Galloway Township Council is expected to approve a plan later this month to allow its meetings to begin with a short government-approved prayer.
“It was clear to us that the majority of the citizens who were passionate about the issue wanted to see some type of prayer,” said Councilman Tony Coppola, a practicing Catholic who headed a council committee that came up with the recommendations. He said the prayers are drawn from those used by Atlantic County and other government entities, and were cleared by solicitor Michael Fitzgerald.
The proposal, Coppola said, would have different members of council read one of these pre-scripted nondenominational prayers before the start of township meetings.
The list of prayers seems to draw from the Abrahamic tradition of a single supreme deity, whom the prayers refer to as “God,” but officials said they believe that the prayers are generic enough to pass constitutional muster.
The First Amendment of the U.S. Constitution generally has been interpreted to mean that governmental bodies can neither hinder nor overtly endorse a particular religious faith. At the same time, Congress, the state Legislature and number of local towns, including Atlantic City, Millville and Pleasantville, have opened meetings with prayer in recent years.
What was key for Galloway was the 1983 U.S. Supreme Court case Marsh v. Chambers, Coppola said. In that case, the majority found prayer before meetings was acceptable, because it was a communication of shared values rather than an explicitly religious practice.
“Any claims that this country wasn't founded on strong religious ties is false,” Coppola said. “It's just false.”
The township is home to a variety of Christian churches, representing Baptists, Methodists, Catholics and nondenominational evangelicals. Galloway Township is also home to the region’s largest Hindu temple and Unitarian Universalist congregation.
Township officials have batted around the idea of prayer before their meetings for more than a year without a suitable result, including giving volunteers a pre-scripted prayer to read and a moment of silence. Some remain unsatisfied by this result.
Tom Douglass, 63, has served for 22 years as pastor of Highland Community Church, a nondenominational Christian church in the township. He said he and other evangelical leaders in the township were disappointed the government-approved prayers do not mention Jesus Christ by name, thereby undermining a central tenant in Christian theology. The church leaders did not want to be limited, he said.

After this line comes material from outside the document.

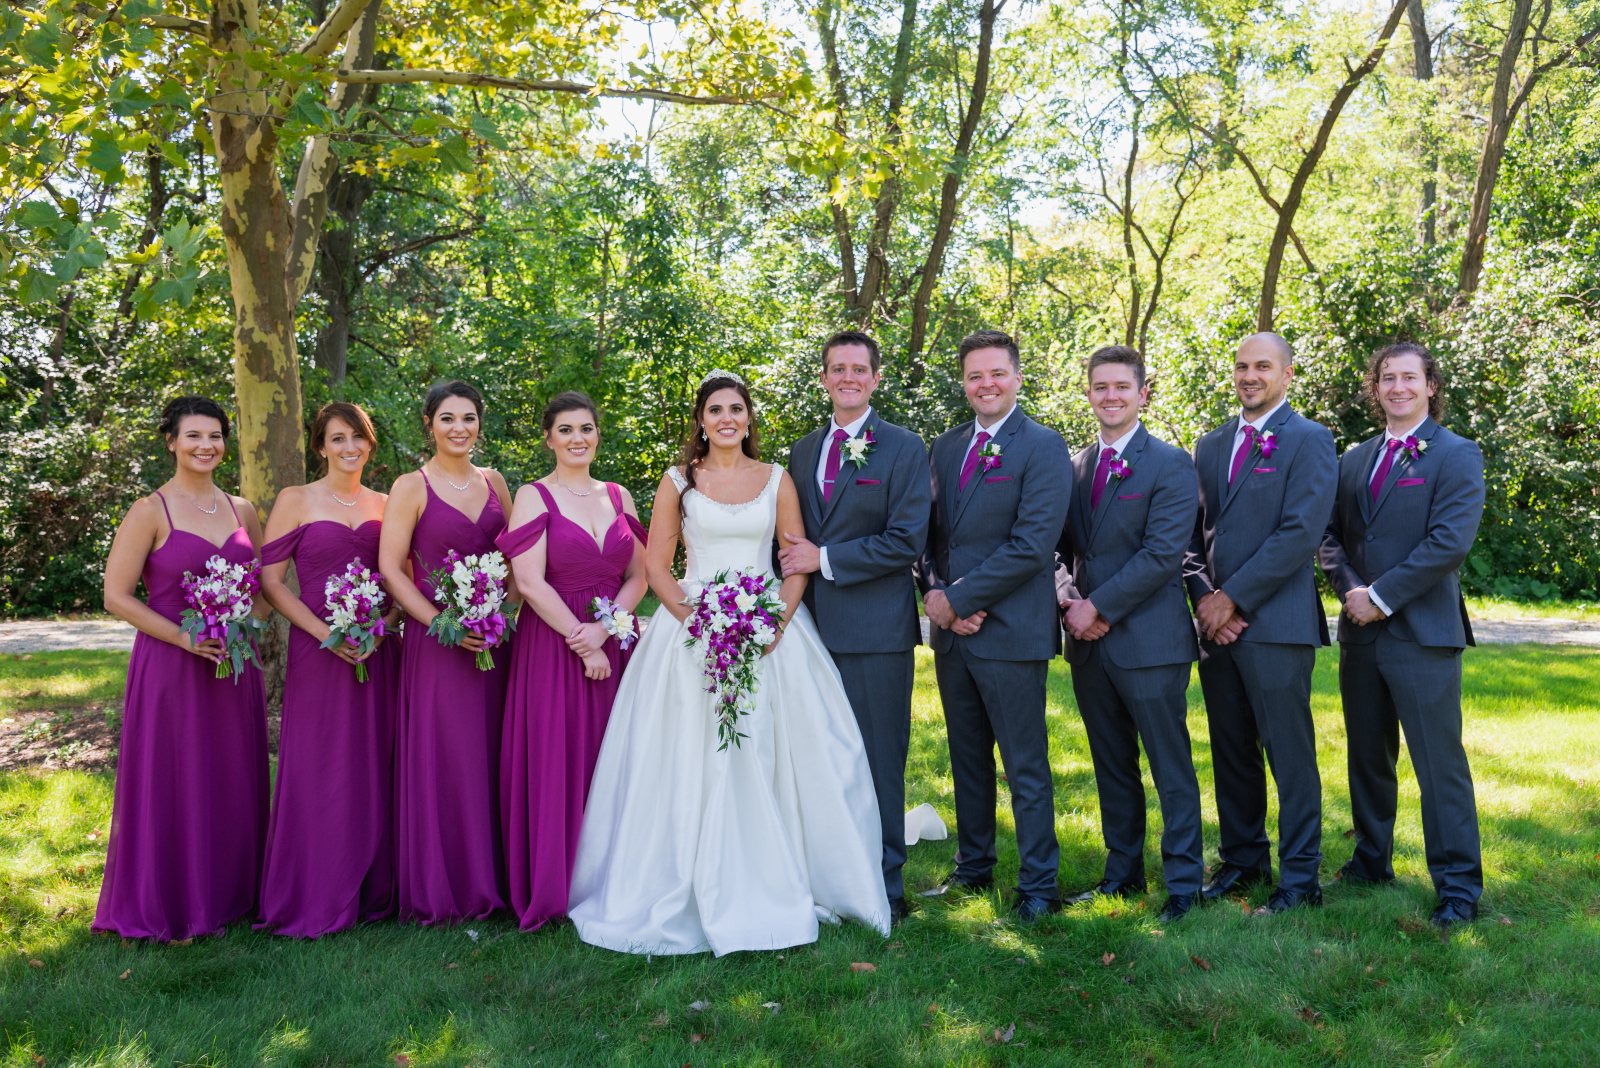 Bride and groom with bridal party, bridal party portrait, green, trees, nature, sweet wedding ceremony at Crocker Park, Westlake OH
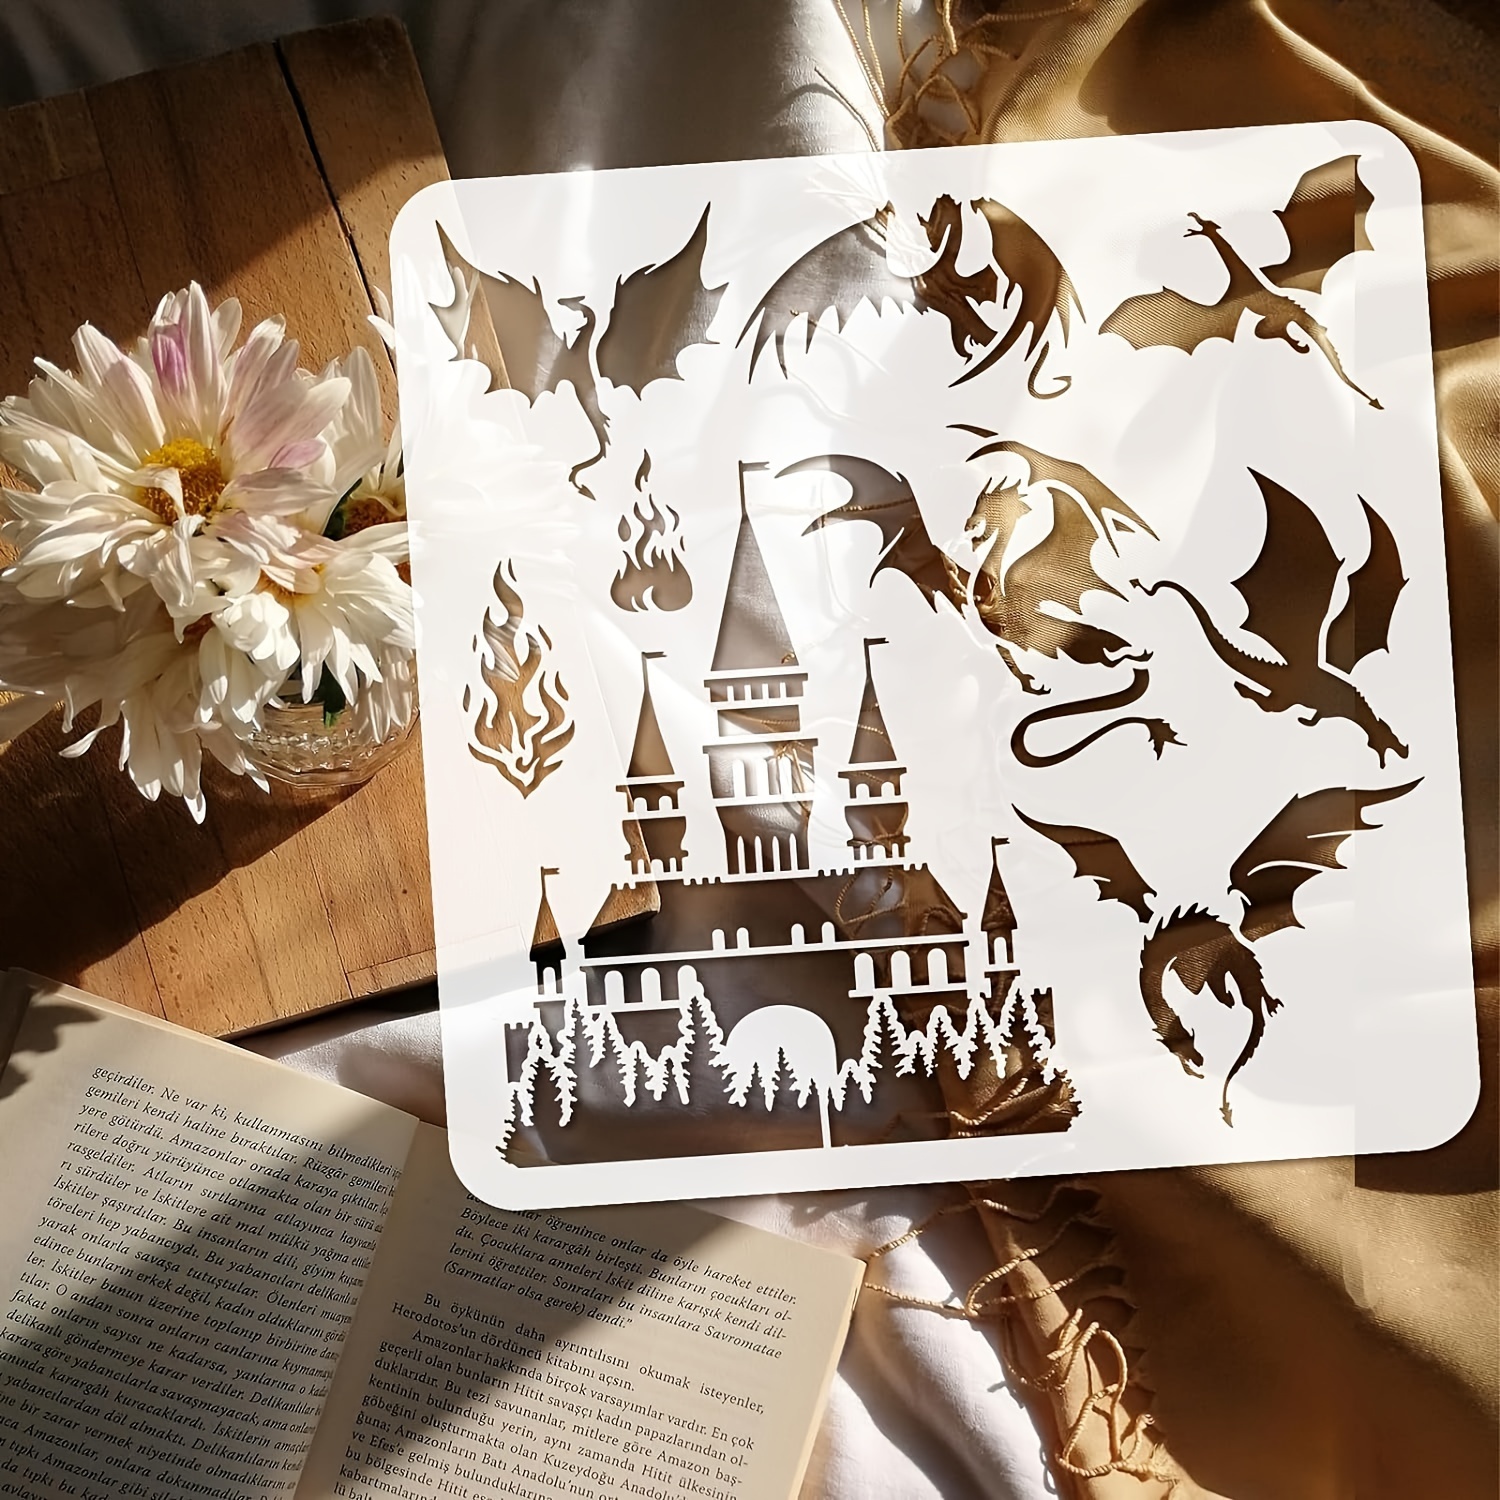 

1pc Dragons Stencil 11.8x11.8 Inch Castle Painting Stencil Plastic Western Dragon Fire Castle Patterns Stencil Template Reusable Diy Art And Craft Pterosaur Stencil For Home Wall Decor

“(We) feel that if we’re going to come and pray, we as Christians come and pray in the name of Jesus,” Douglass said. “We, as pastors in the community don’t mind if they … invite Hindu, Muslim, Christian, Catholic. They can invite whoever they want to.”
Douglass said he and other church leaders plan to attend meetings and use the time allotted for public comment to pray.
“We’re not mad at them,” Douglass said. “We appreciate what they’re doing, but we feel that we should support them in the way that is biblically correct.” Douglass attended the Jan. 3 meeting, praying with Mayor Don Purdy and several council members afterward.
The prayer committee included council members Whitney Ullman and Jim McElwee. Ullman could not be reached for comment, but McElwee said he volunteered to say the first prayer.
McElwee, who said he identifies as Presbyterian but does not have a church he regularly attends, said he was “very happy” with the result.
“This certainly doesn’t exclude the clergy from coming to a council meeting,” McElwee said. “They can get up during the public speaking portion, they can pray, and they can do whatever they want. We’re not asking them to act as an agent of the government, but as far as the freedom of speech, they can get up and say whatever they want.”